Could you please output only the lines from the one holding "Vintage Vis-Ed Visual" through the end of the listing below, exactly as written and without pictures?

(Data section)

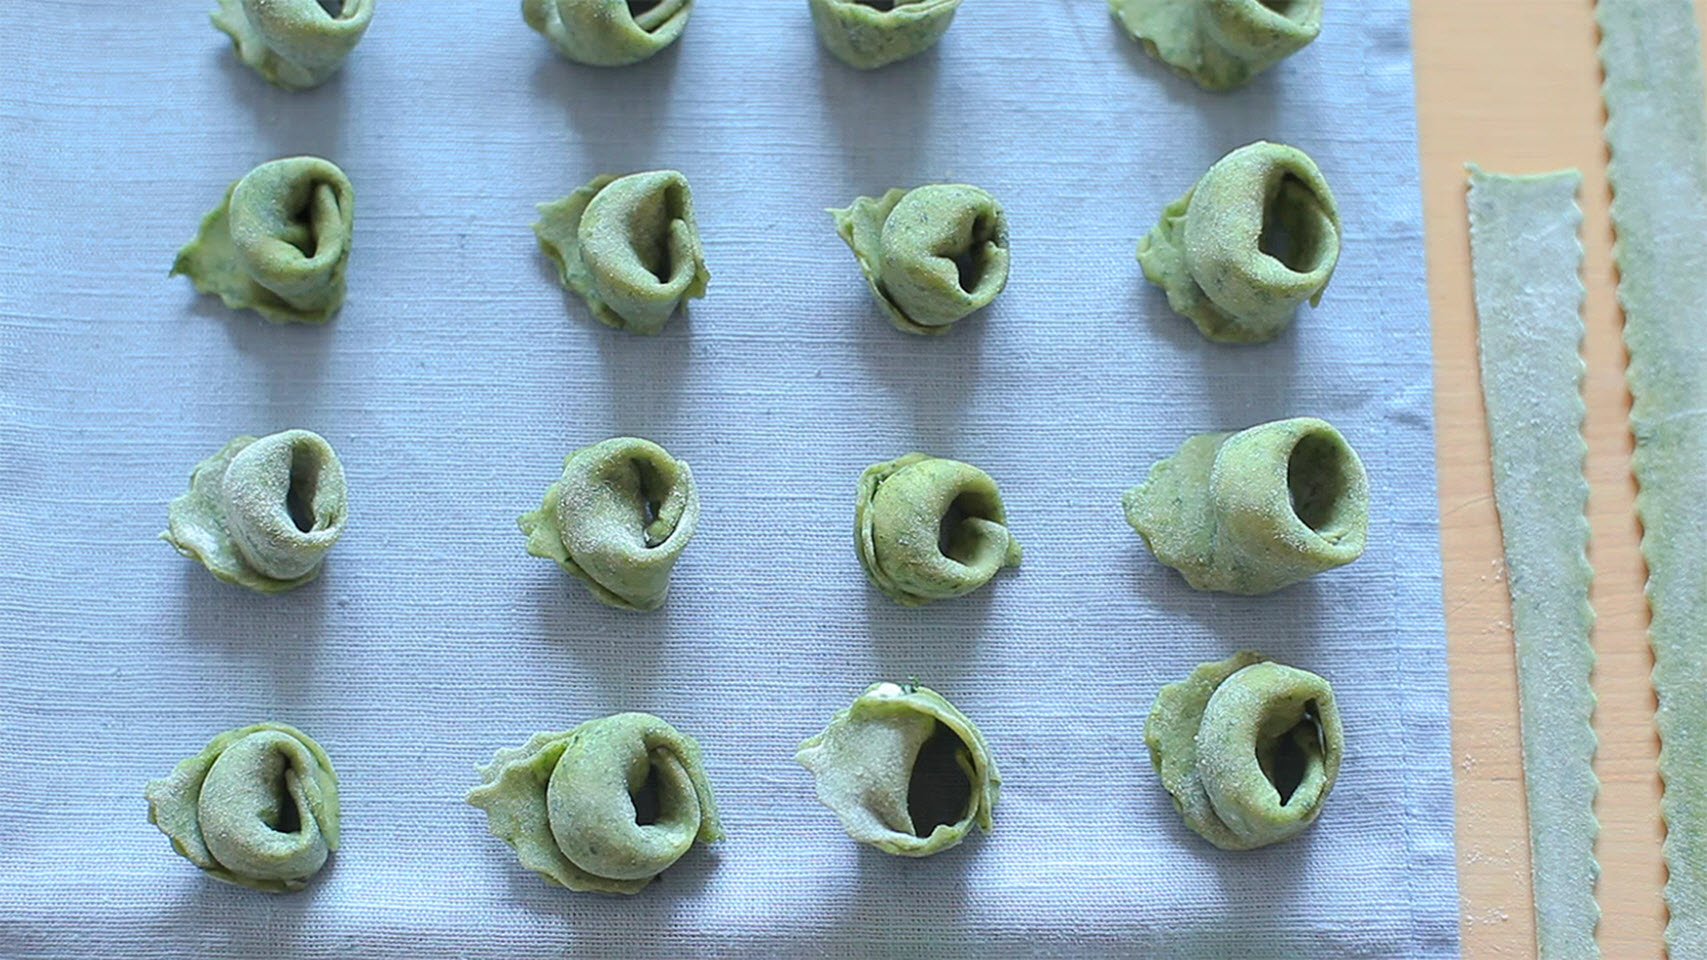 Spinach and Ricotta Tortellini AllrecipesPhoto
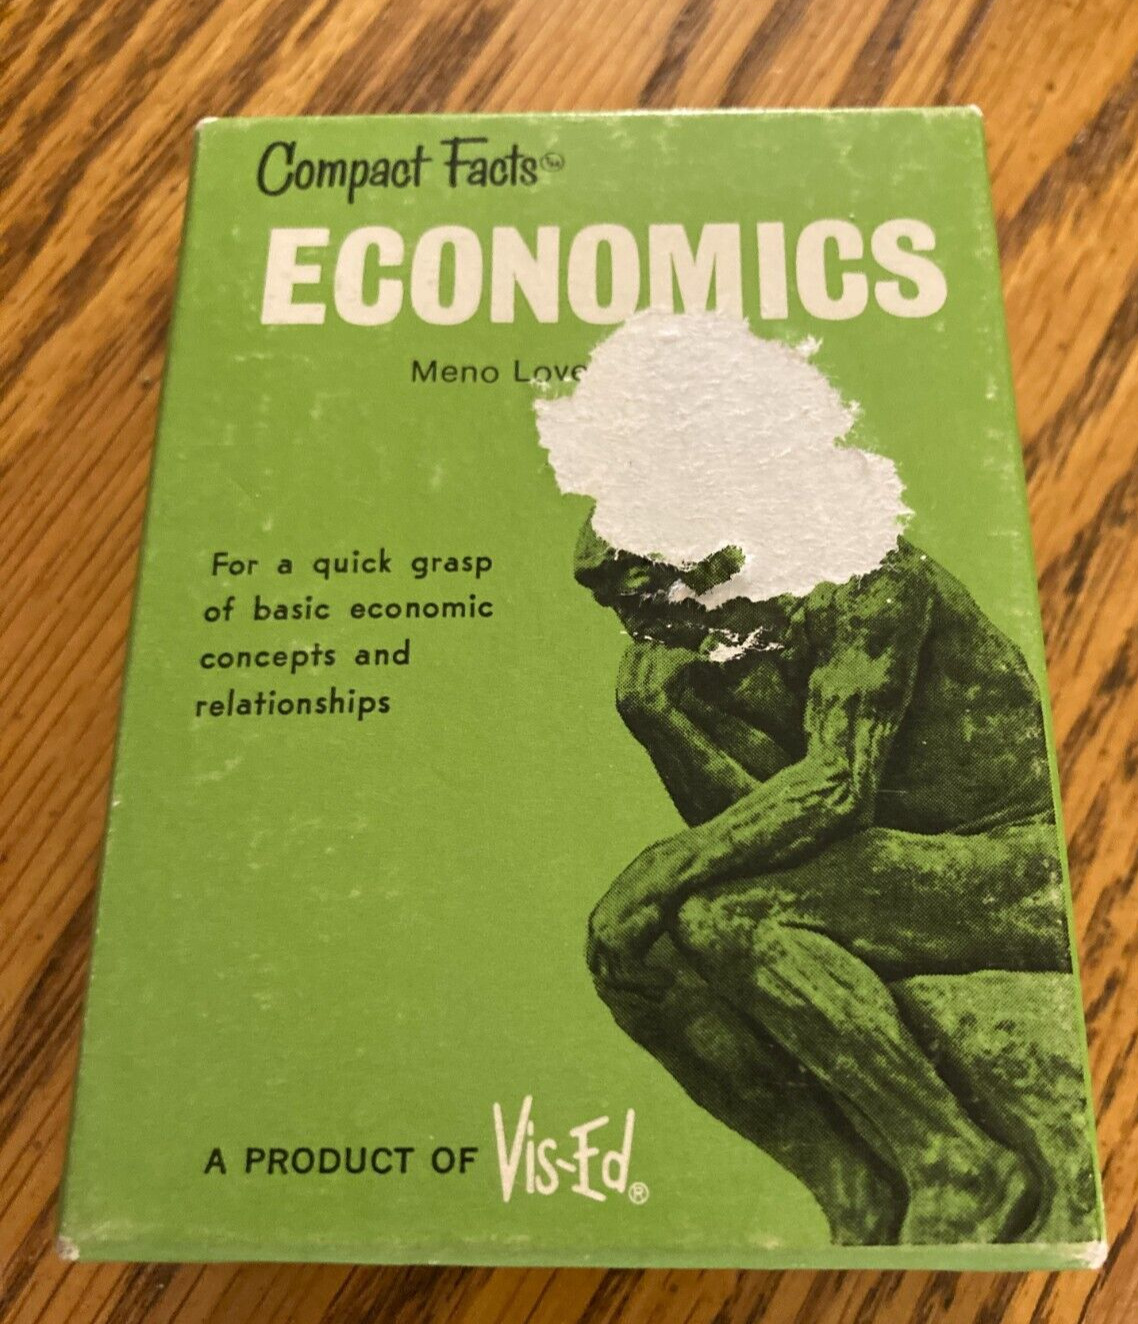 Vintage Vis-Ed Visual Education Compact Facts ECONOMICS Card Set 
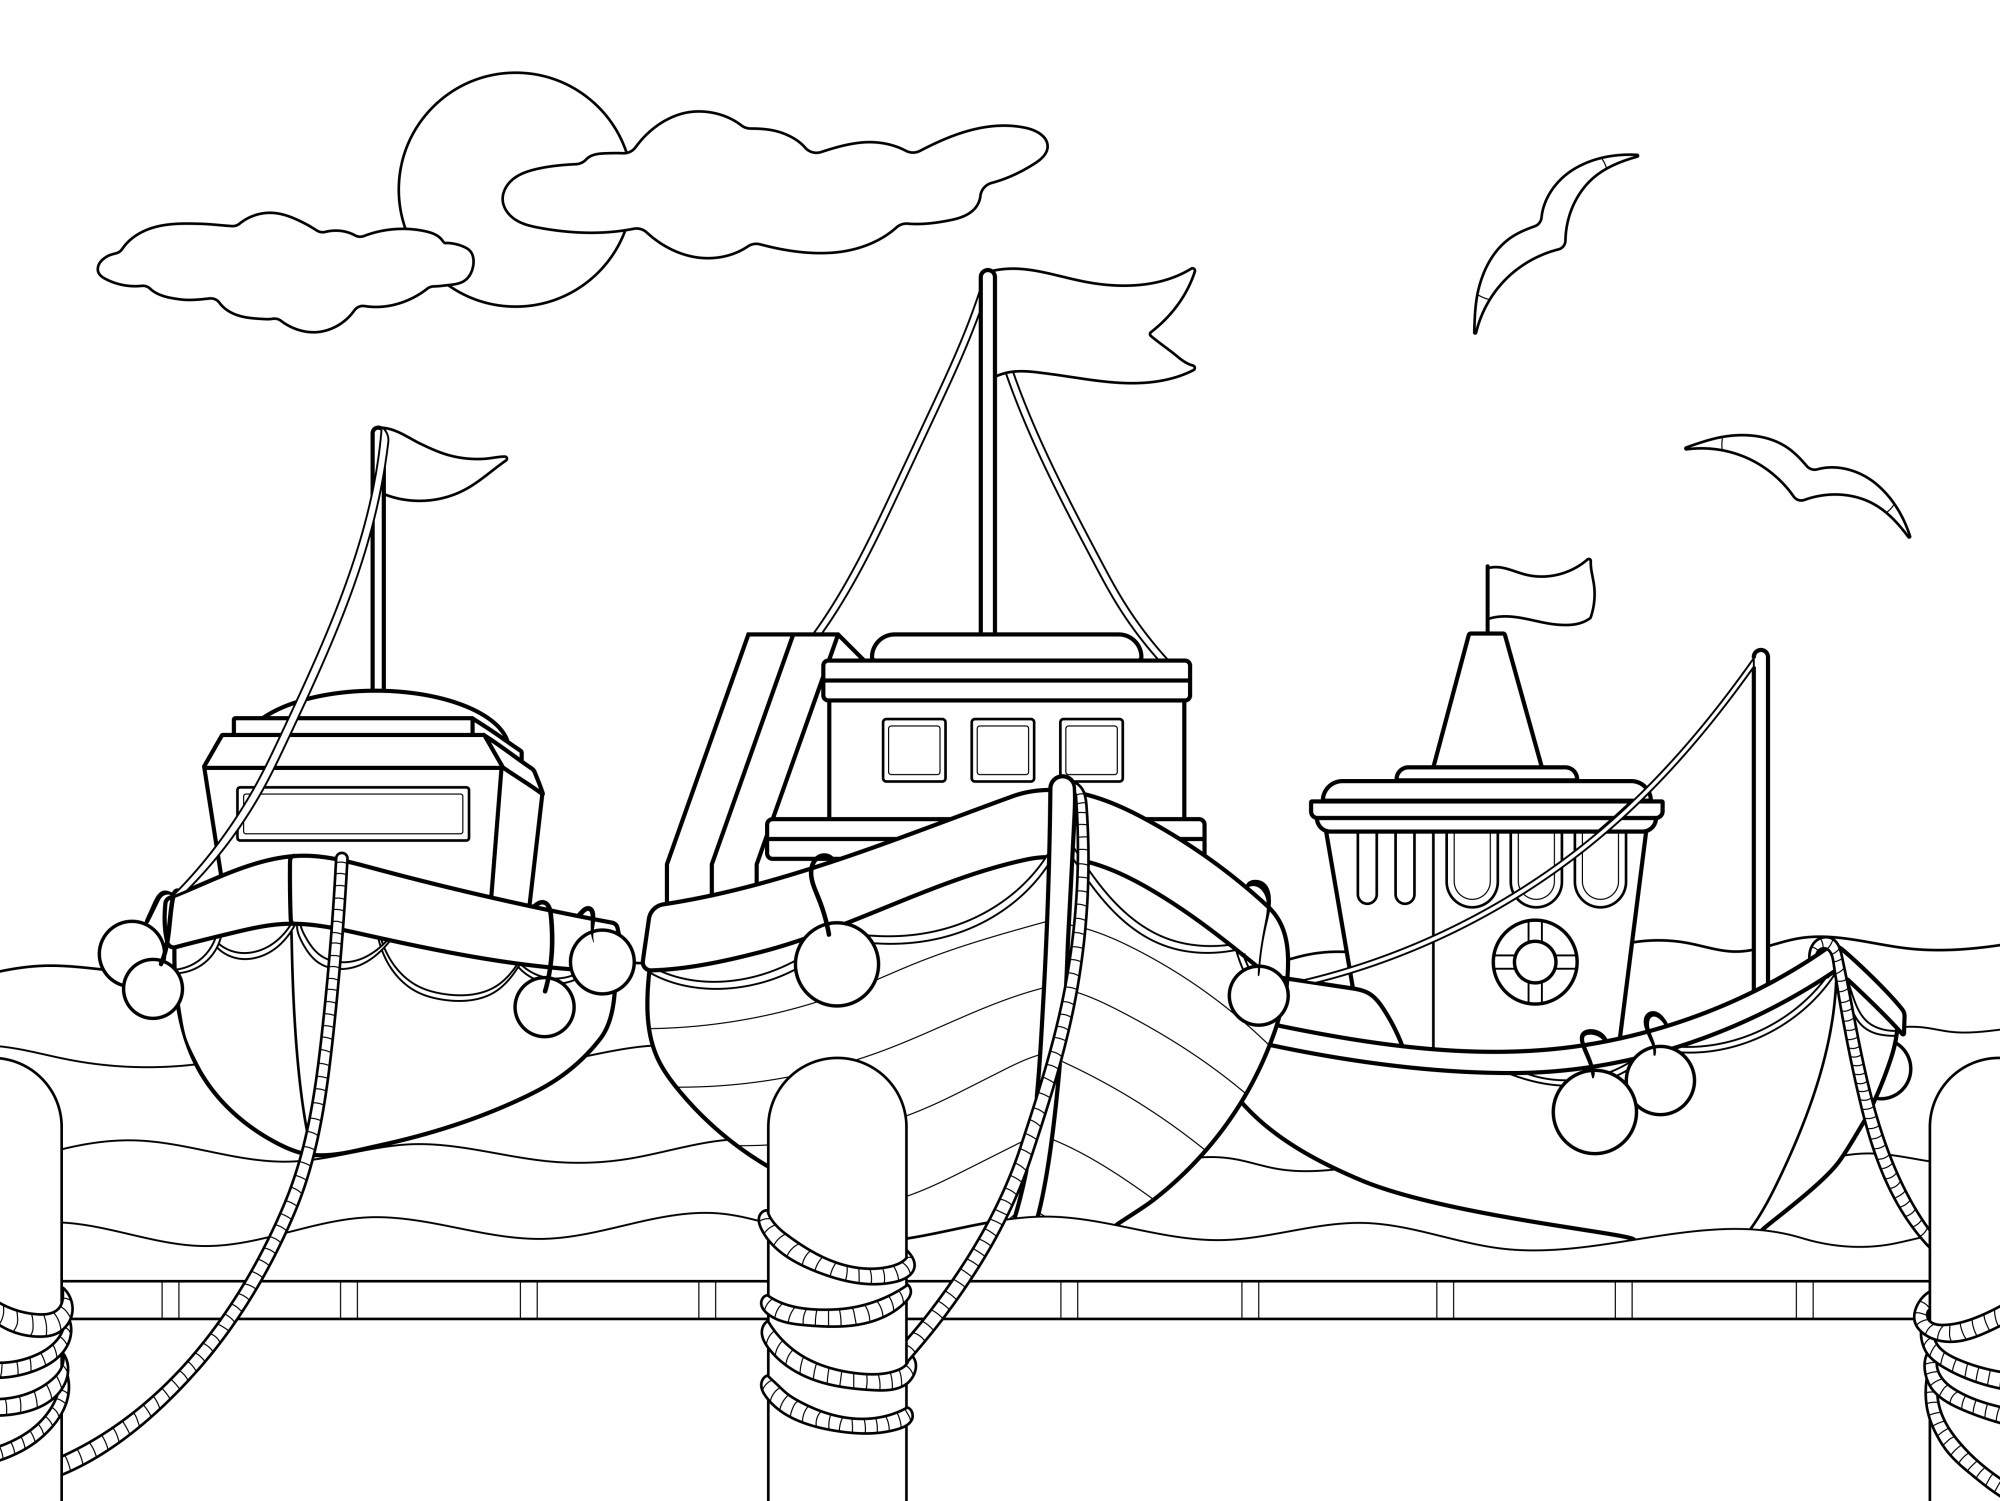 Раскраска для детей: три корабля в пристани

(End Data section)

Output of the task ▸
 Vintage Vis-Ed Visual Education Compact Facts ECONOMICS Card Set 
 Раскраска для детей: три корабля в пристани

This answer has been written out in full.